After our walk, I saw a neighbor take in her No Data Center sign. I joked she’d bring out All Hail AI next. She didn’t. But it would be the ultimate signal of how quickly we move and how little we hold.
I have been filming for almost a year about energy.
Fuel agnostic, we call it. All forms. None labeled good or bad. It’s about the people. And the people are all types. All of them.
But being deep in this topic makes you prickly. You realize how little everyone knows about the thing they use every day - let’s be honest, abuse every day - and how ungrateful they are for it.

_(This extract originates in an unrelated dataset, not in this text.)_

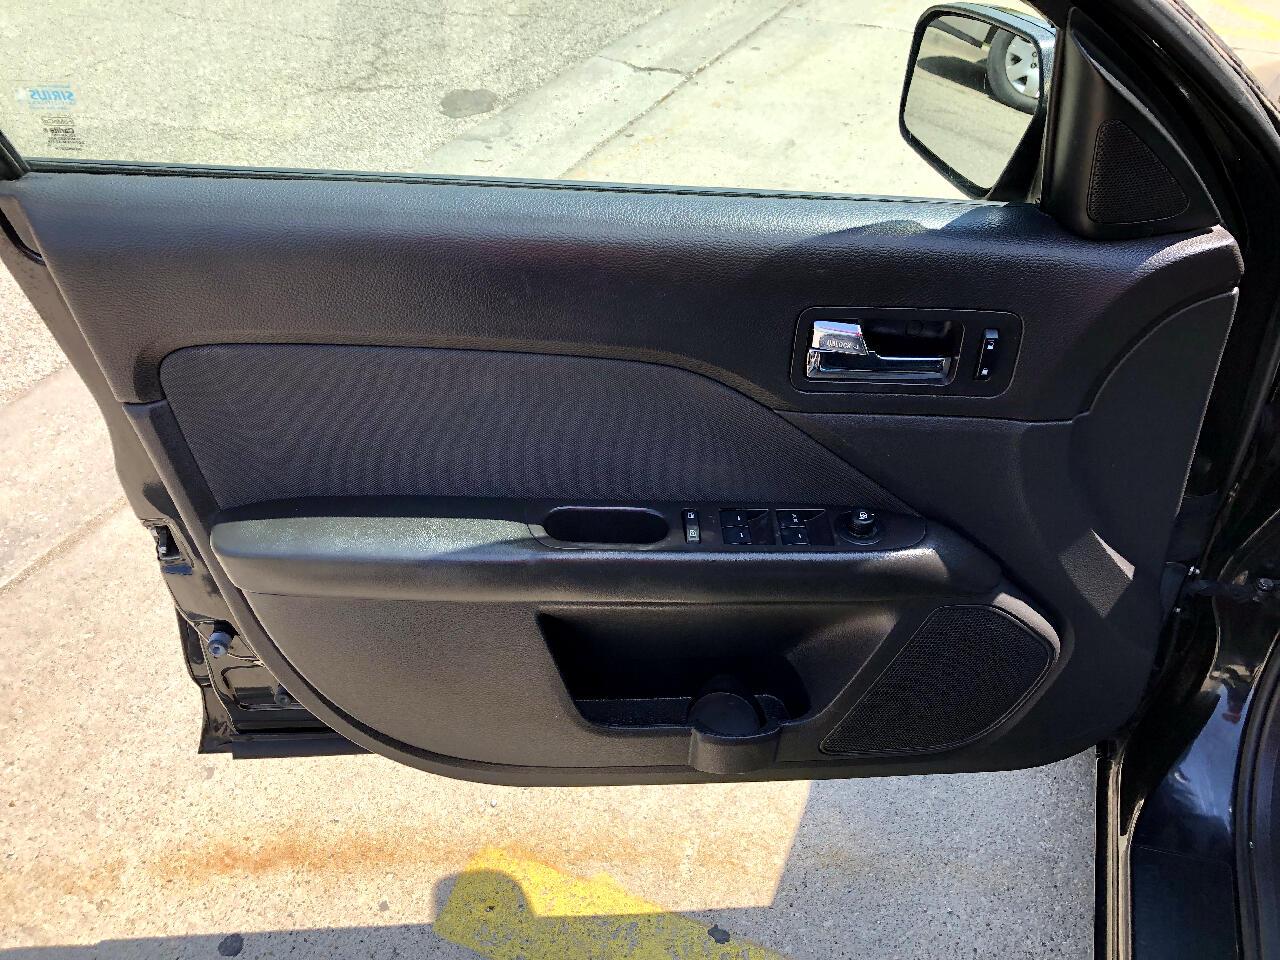 Ford Fusion 4dr Sdn SE FWD 2010

So a film about the people who provide seems very on-brand for me. A person who has tried to say, always, in the nicest and most creative way:
You are arrogant. You think you know. But you have no clue. And I am going to show you something you think you understand through the lives of people who DO know, because they are on the ground.
Pride is ugly. I don’t like it in other people or in myself.

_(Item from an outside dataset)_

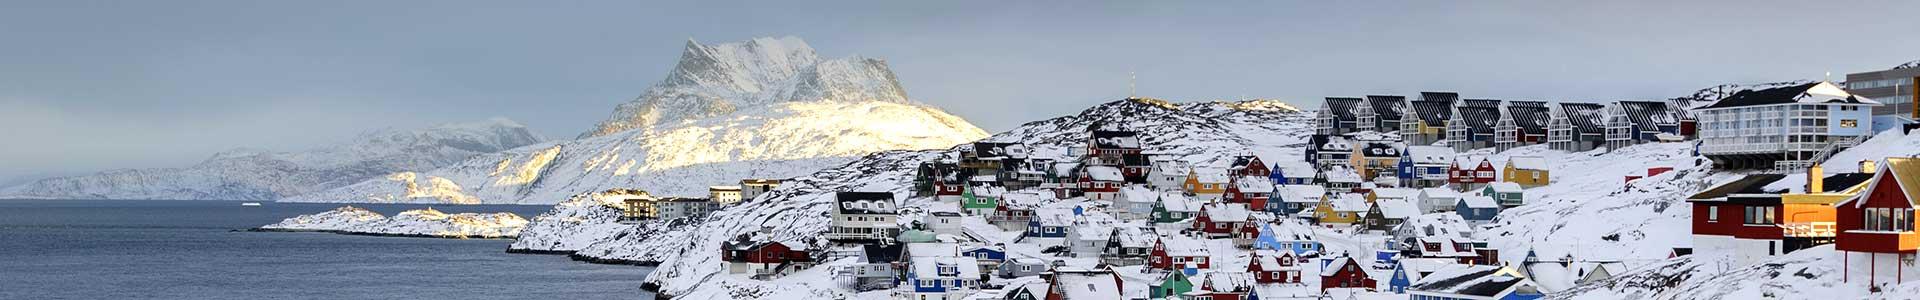 Voyage - Groenland - TUI

Pride keeps our shoes on when the rest of the family goes barefoot because we’re thinking what will a passerby think?
Pride is ultimately useless and life-sucking.
And yet…
The people in the energy sector have a pride that is different. Not the life-sucking kind. The motivating kind. The kind that comes from being asked, constantly, by people who know very little, and act like they know everything.
So back to my original question…did you know that scientists, engineers, energy developers, and big tech are trying to bottle the sun…with a big magnet?
A magnetic bottle, they call it - holding superheated plasma in place, keeping it from touching the walls, so that hydrogen atoms can find each other, fuse into helium, and release something massive and clean.
That is what fusion power is (sorta). That is the promise - near-infinite energy, not hinged on natural resources, not borrowed from the earth we are already asking too much of.
Some say it will never happen.
Others present flashy materials: Yes. In fact. It will. See here this snazzy PowerPoint.
I am not smart enough to know who is right. But I pause.
The sun is unlike any other star. Its power would destroy us entirely if the atmosphere - and all the other complicated things of physics - were to change.
And yet here we are, trying to bottle a star.
So I pause.
Is it pride that makes us think we can hold the sun in a magnetic fist?
Or is it pride to say we can’t?
Today, I took my shoes off in the woods, and immediately my pride subsided.
The squish of yesterday’s rain beneath my feet was a reminder: we did not make the rain fall, and we cannot make the sun shine.